Problem details -
Please reproduce the data exactly, though every picture must stay out.

Supplied data -
#####

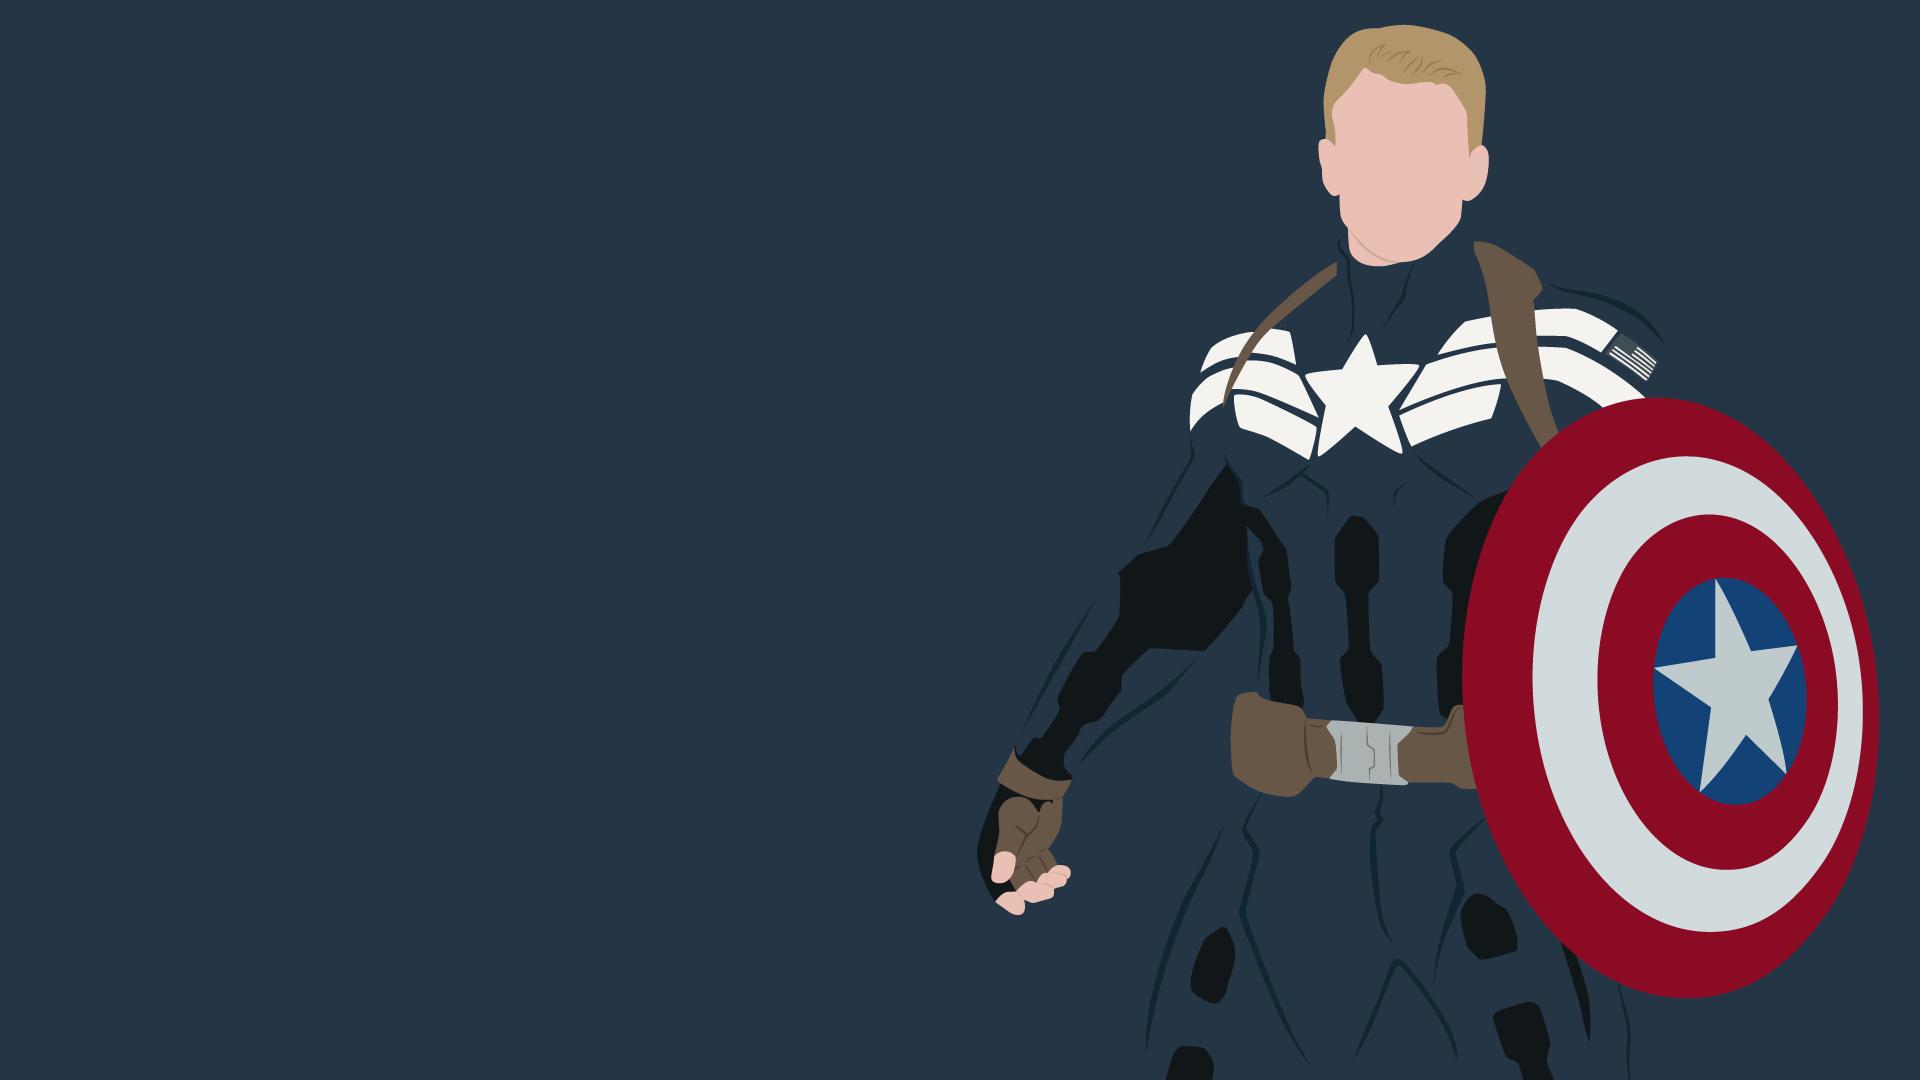 Captain America Wallpapers Desktop Background - Myomlife.com
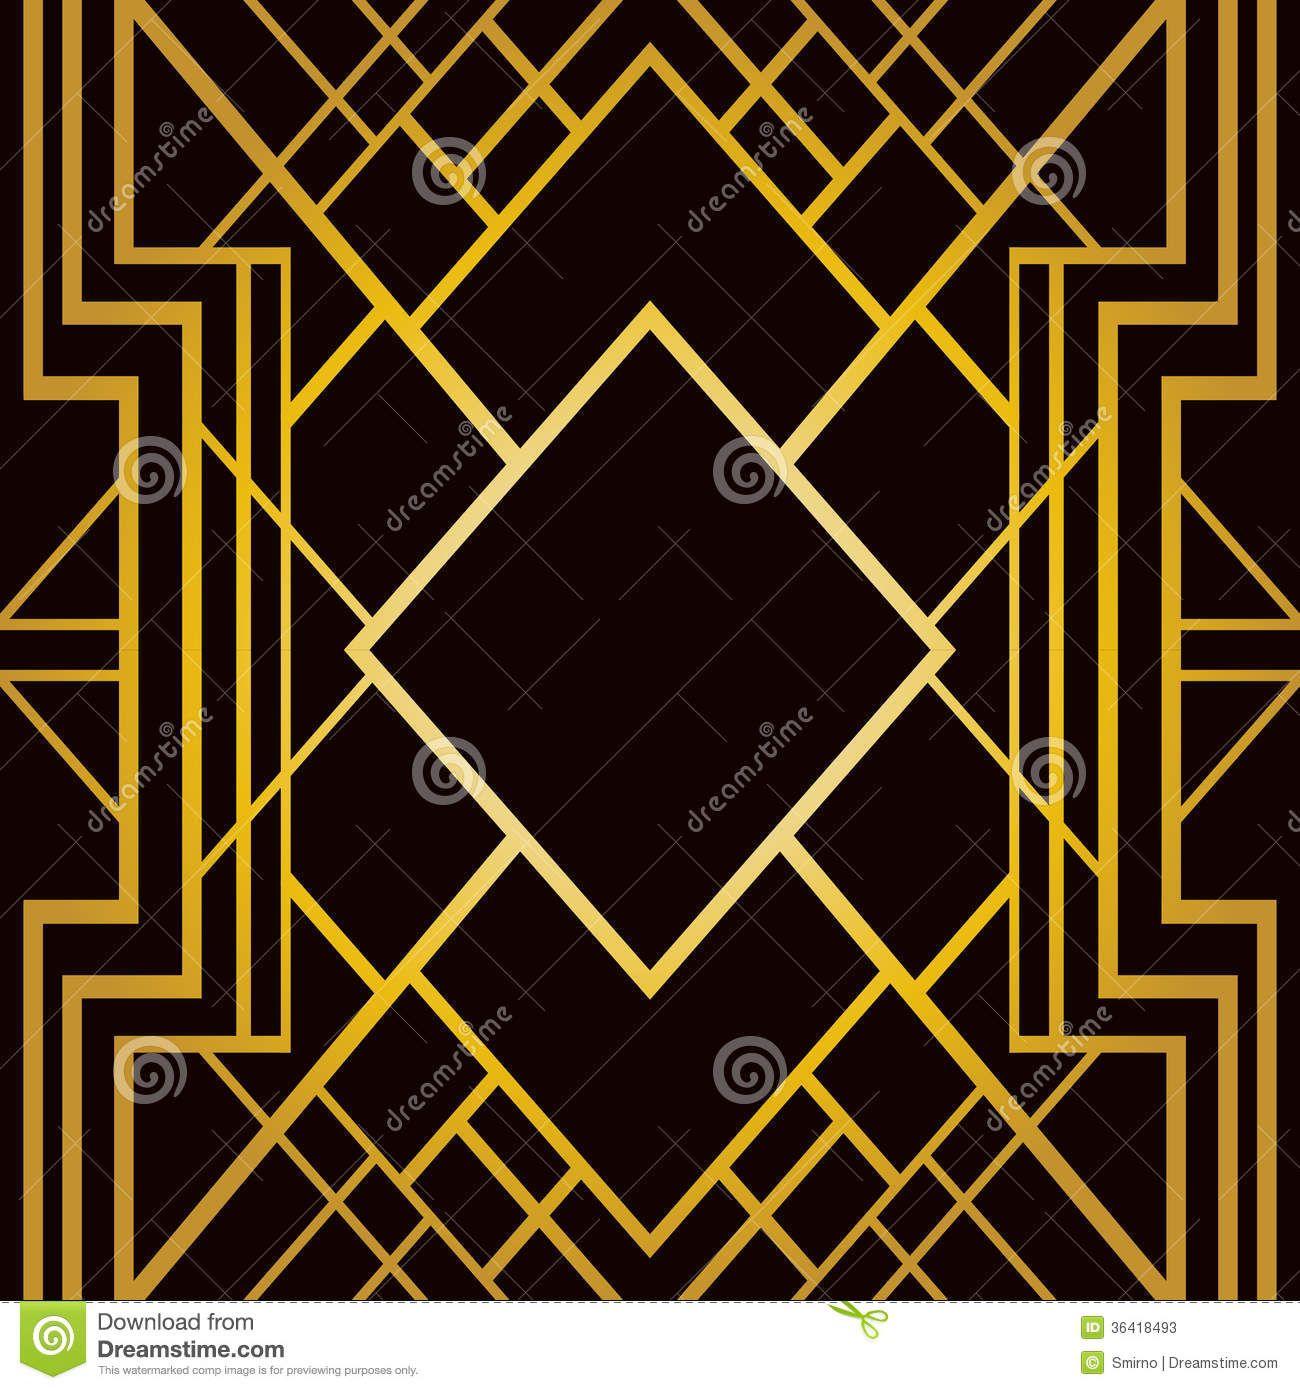 Art Deco Geometric Patterns Art Deco Geometric Pattern 1920s
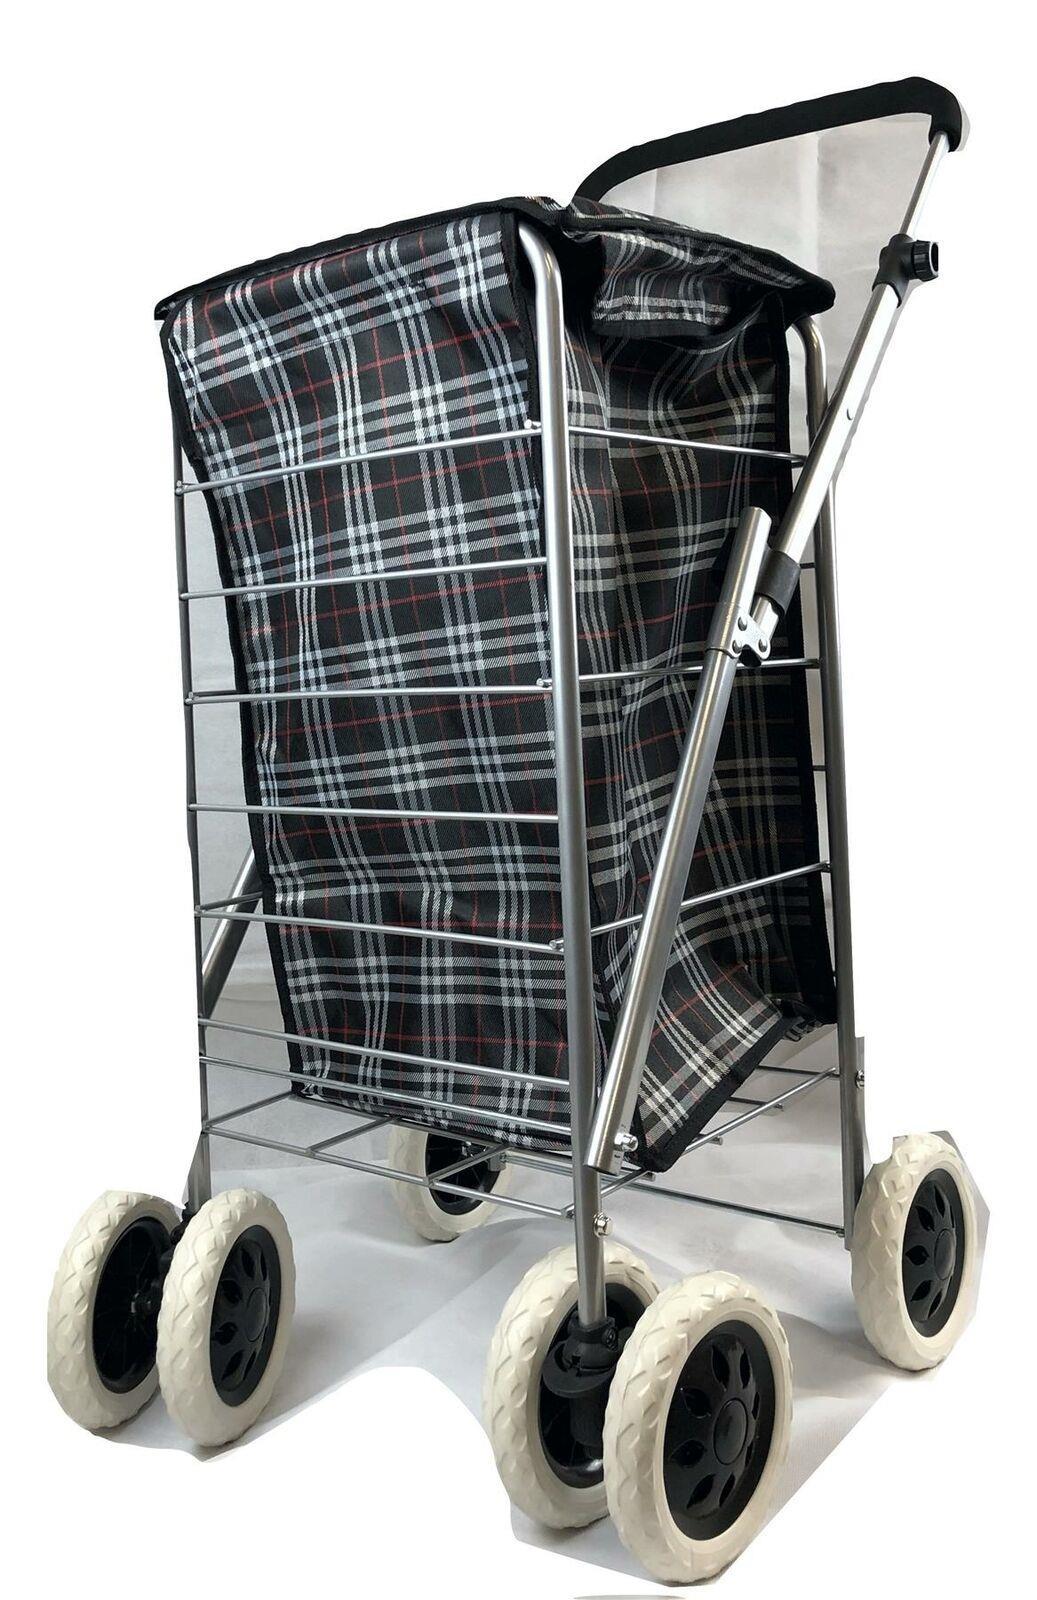 Léger Pliable 4 ou 6 roues stockage Shopping Trolley Amovible Sac
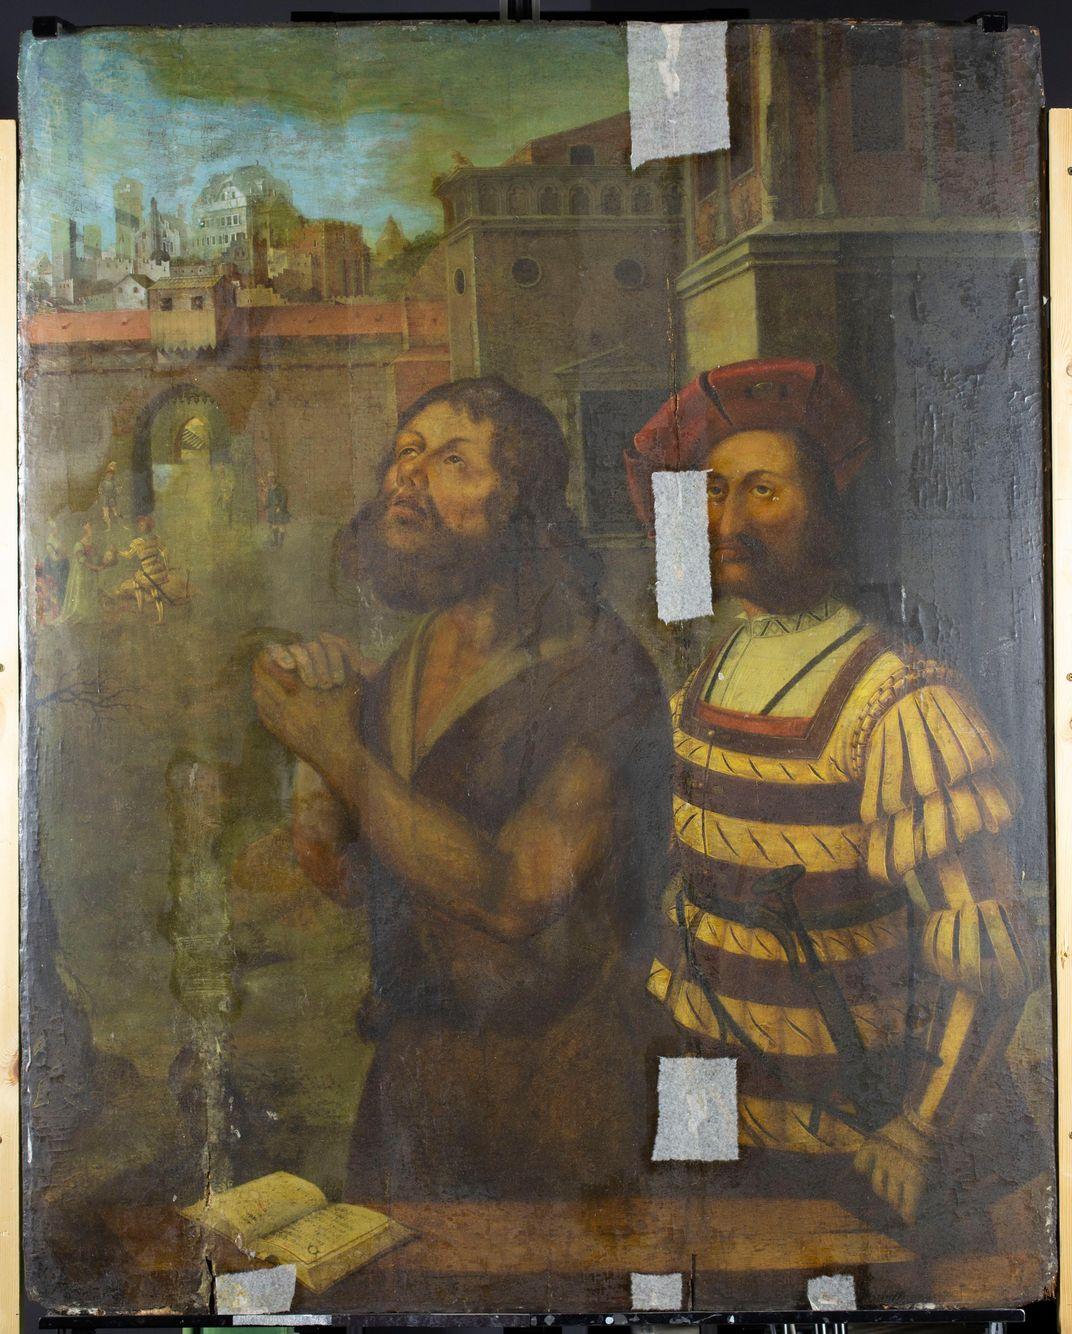 Nativity Scene Discovered Beneath 16th-Century Painting of John the Baptist's Beheading

#####

Result -
 Captain America Wallpapers Desktop Background - Myomlife.com
 Art Deco Geometric Patterns Art Deco Geometric Pattern 1920s
 Léger Pliable 4 ou 6 roues stockage Shopping Trolley Amovible Sac
 Nativity Scene Discovered Beneath 16th-Century Painting of John the Baptist's Beheading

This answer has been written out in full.